Kidney Failure

Please, if anyone … well a doctor tells you that you have trouble with the blood vessels at the back of your eyes… go and get your kidneys checked!!  Both of the vessels in your eyes and kidneys are related.  You could prevent some serious trouble.

My late husband was in kidney failure for several years before they finally stopped working. fact, you can live with 10% function of each of your kidneys … or even survive with one kidney.  As long as the function is above 10%.  Doesn’t mean that you will feel great!  In fact you will be extremely tired.  Your legs will retain water and your skin will become unbearably itchy due to the toxins building up in your system. You will throw up a lot too… and generally feel horrible.

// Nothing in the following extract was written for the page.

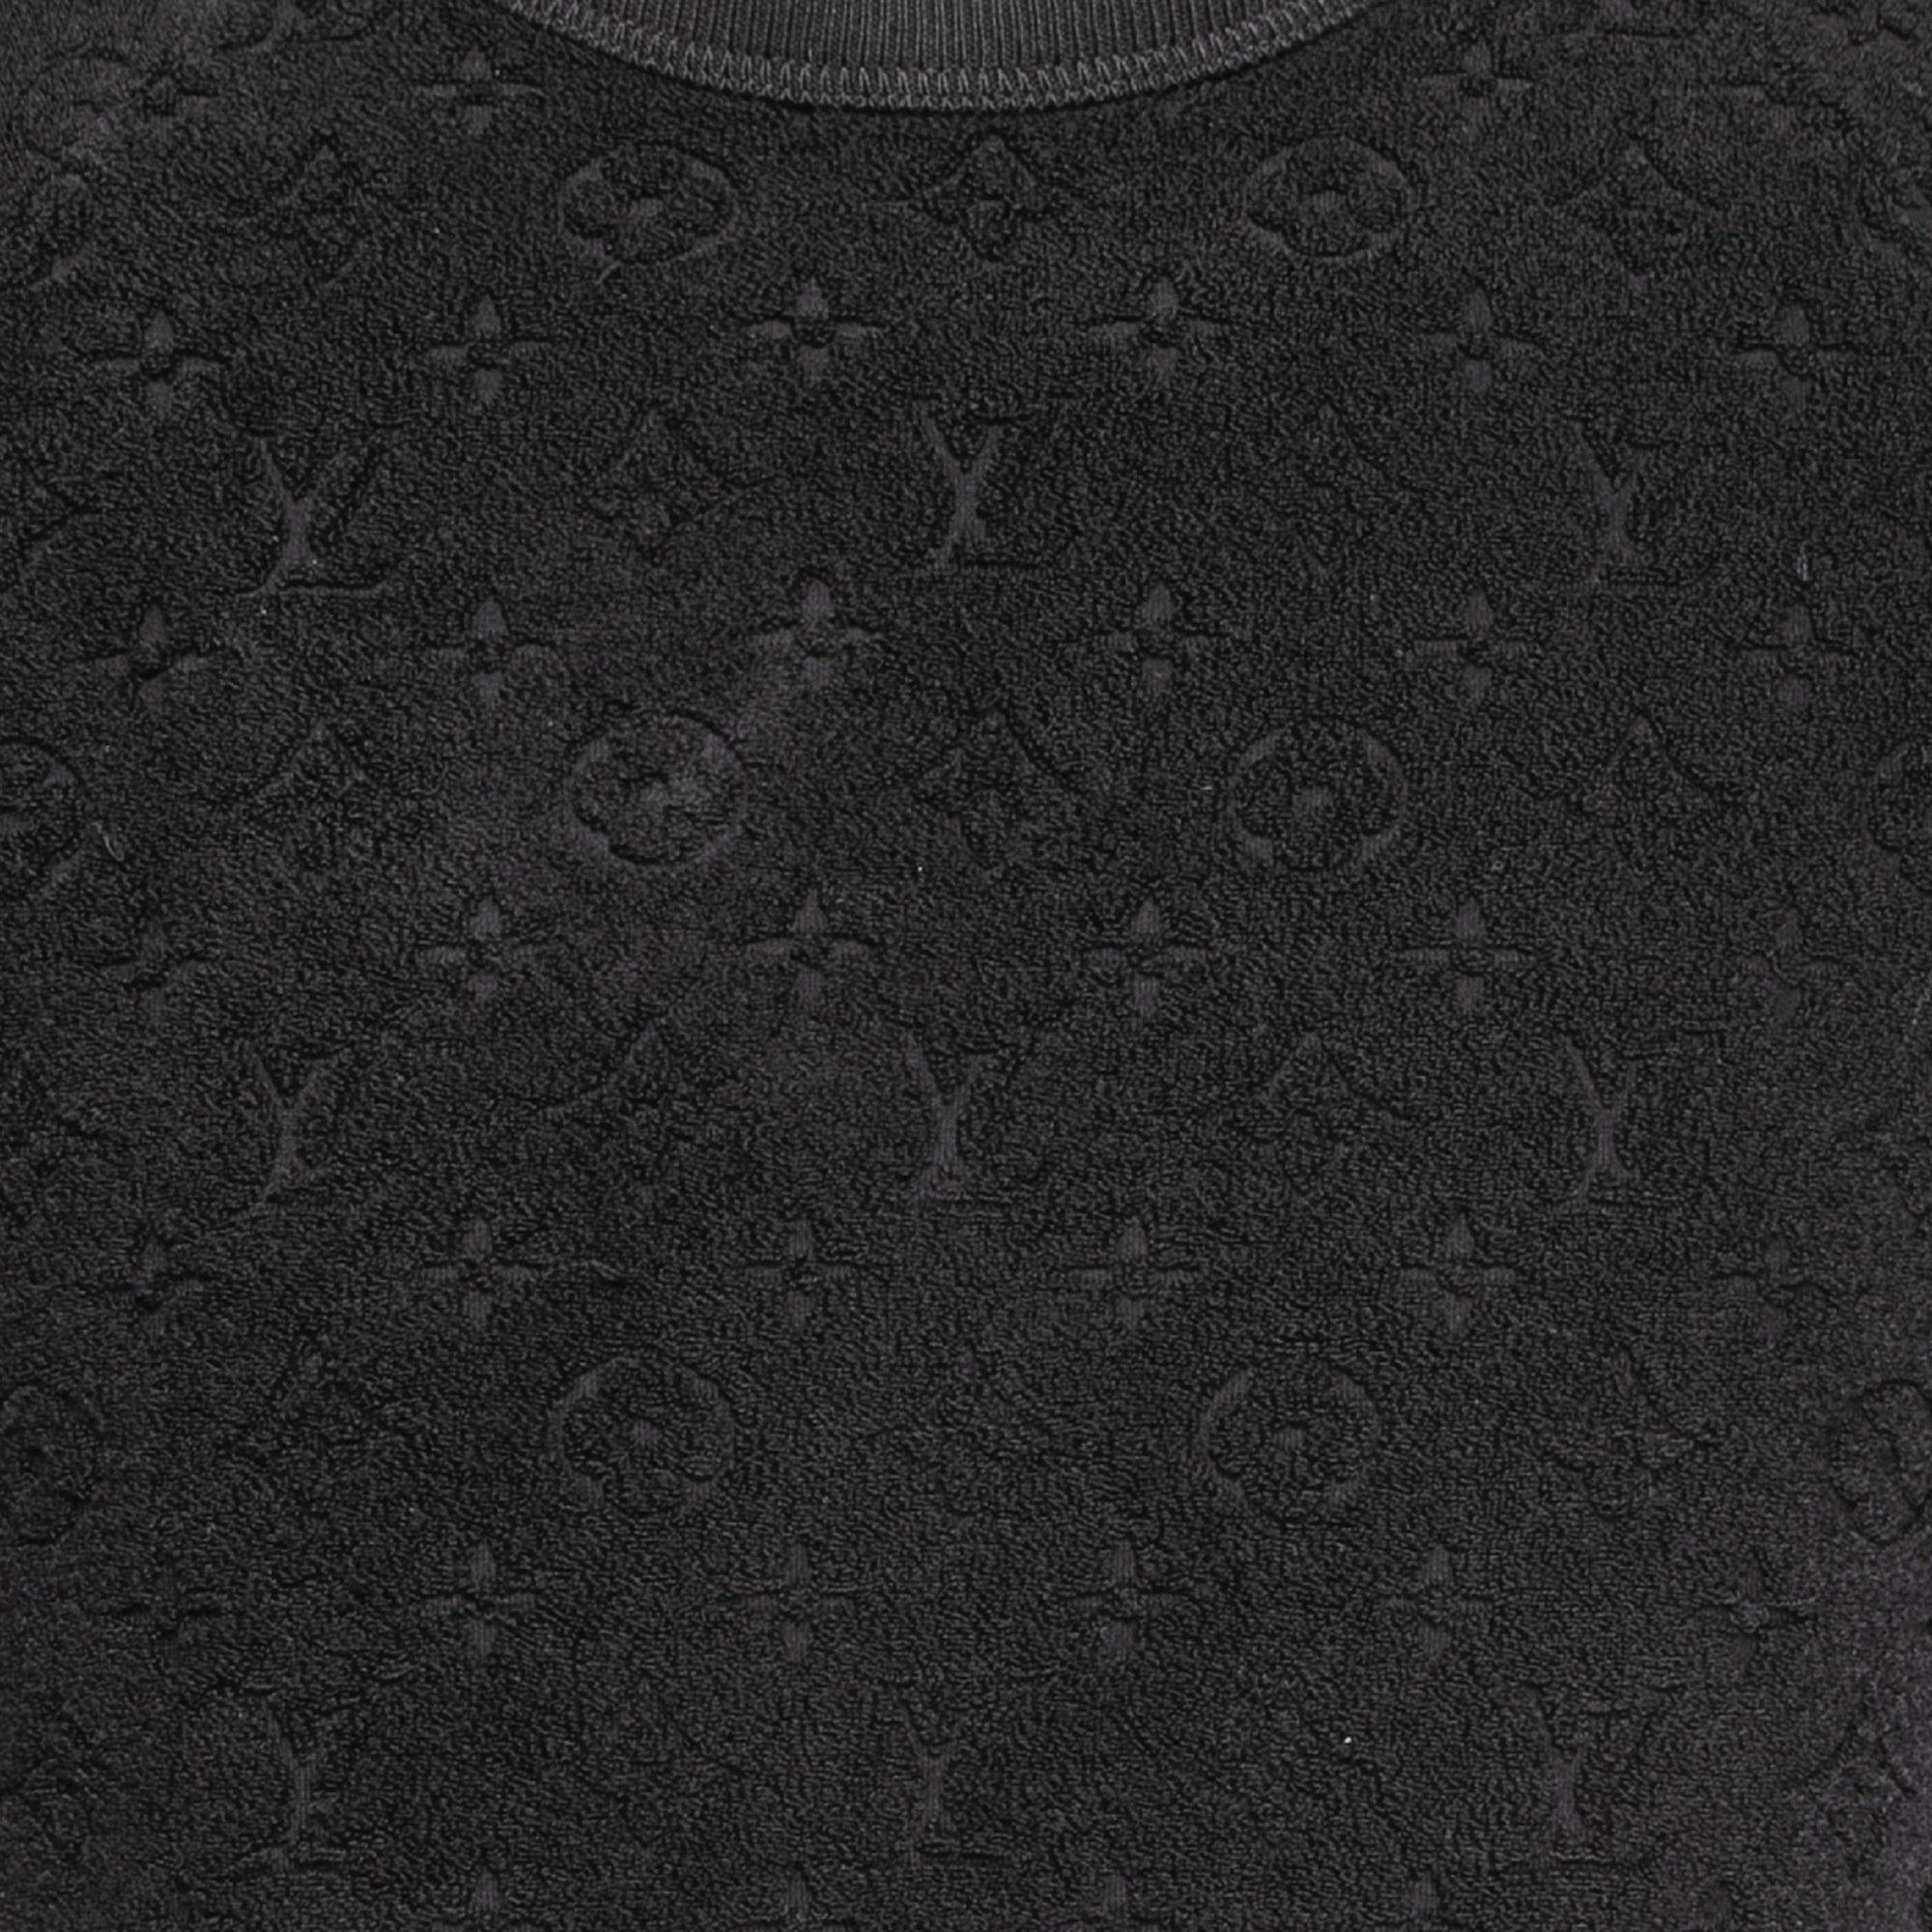 Louis Vuitton Monogram Terry Cotton & Silk Short Sleeve T-Shirt S

We were not told during my late husband’s eye exams, nor by his endocrinologist that his eye issues were a precursor to his kidneys failing.  His first issues with his eyes were in late 1990’s.  It wasn’t until 2001 that we were told his kidney function had dropped below 15% for both kidneys.  At that point we had had our first child and I was expecting our second. The fall of 2006, he began to become even more tired that he usually was and his skin was crazy itchy!  Which put him in a bad mood. :(I had our second daughter in November 2006 and by May 2-4 Weekend 2007 he was in complete kidney failure.  I thought he looked so gray that day… but he was fighting me on calling the doctor… he just wanted to sleep.  I had to pick up a prescription and needed to get out of the house with the kids so, we weren’t far from Drug store …. so I walked with the girls to the store.  But before I left, I told him to call the doctor to make an appointment.

By the time I came home, I could not wake him up!  He was unconscious. I called for the ambulance to come and we all rushed to the hospital.  He was in kidney failure and if it was any longer, there would have been nothing left to do for him.  He spent almost a month in the hospital getting settled in on a schedule and making sure he would be ok.   I will say that it was good thinking on his part in the summer time to have insisted that the doctors put in a fistula into his arm for dialysis.

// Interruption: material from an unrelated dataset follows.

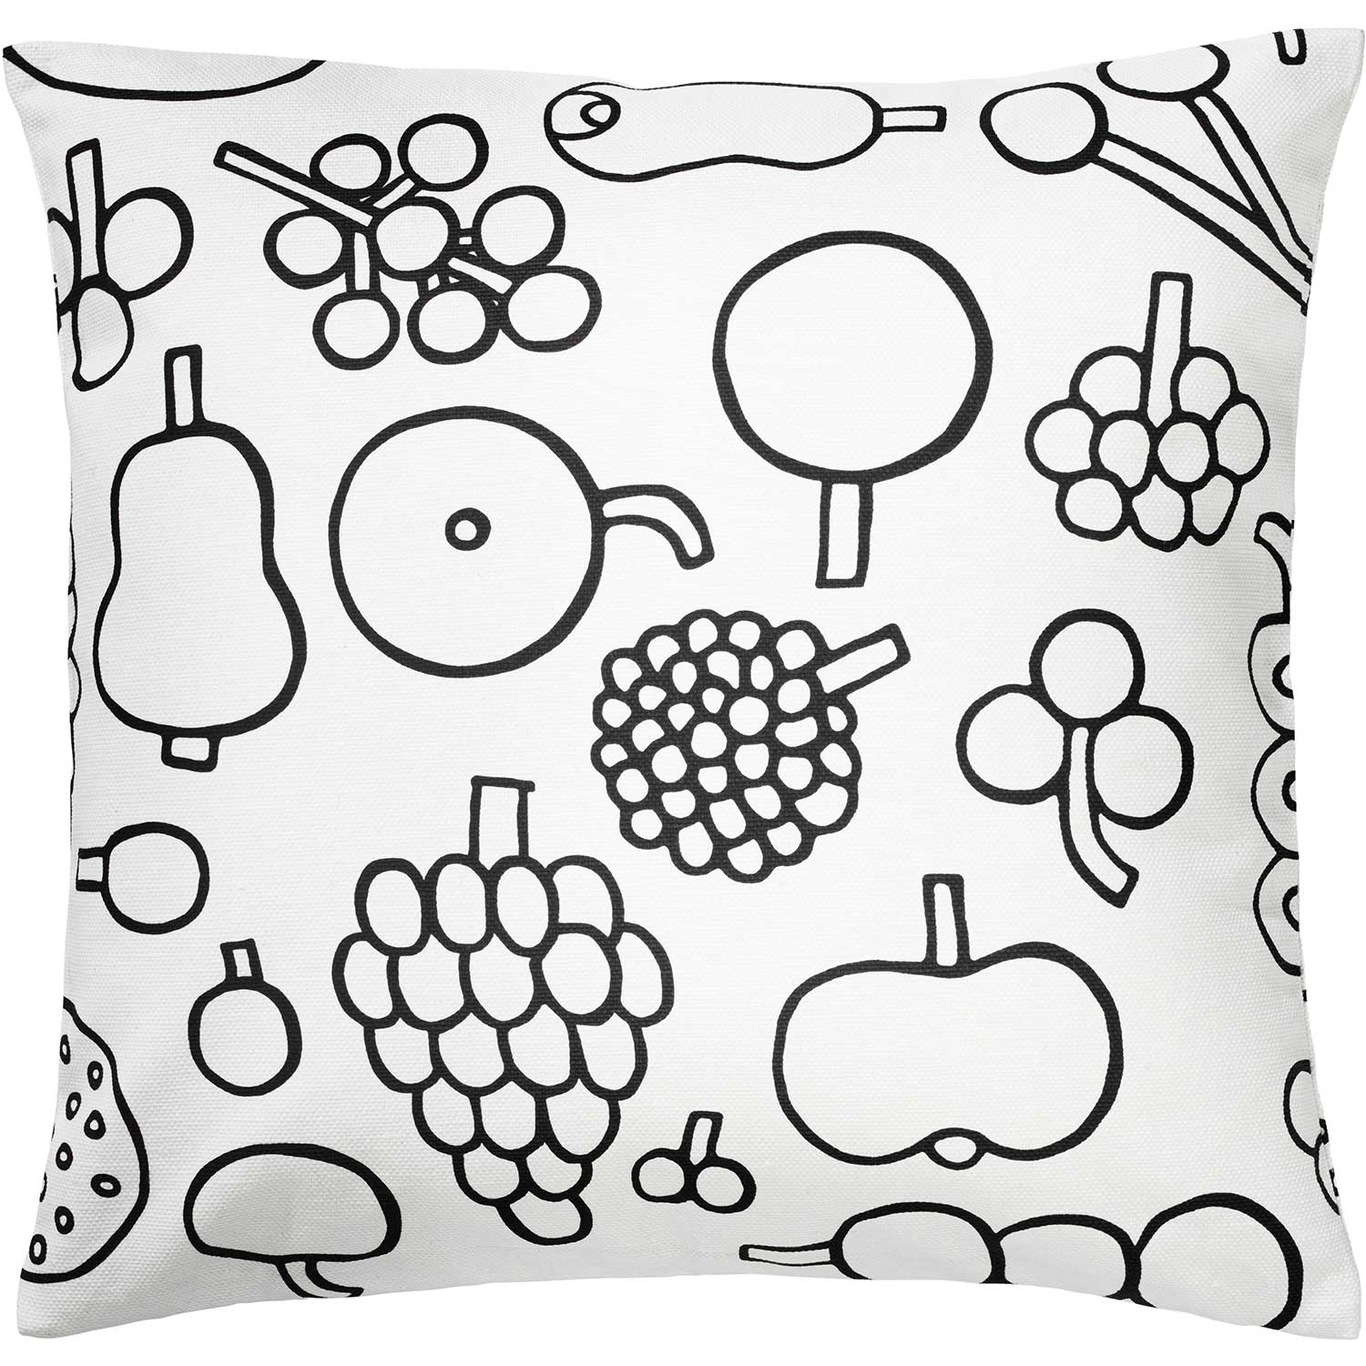 Oiva Toikka Collection Cushion Cover 47x47 cm, Frutta Black

A fistula is where they surgically put your vein and artery together.  Stitching a “whirlpool”, if you will … as the blood flows in and out in the one section.  If you were to put your fingers on top of this “snake” on his arm, you could feel the turbulence… if felt like the sound bees make buzzing .. if that makes sense.  The reason for this fistula is for the dialysis machine… in that section you can see a picture of his arm and how it functioned with the machine.  If he had not insisted in the summertime to have had this surgery, the dialysis machine would have had to have hooked up in his neck.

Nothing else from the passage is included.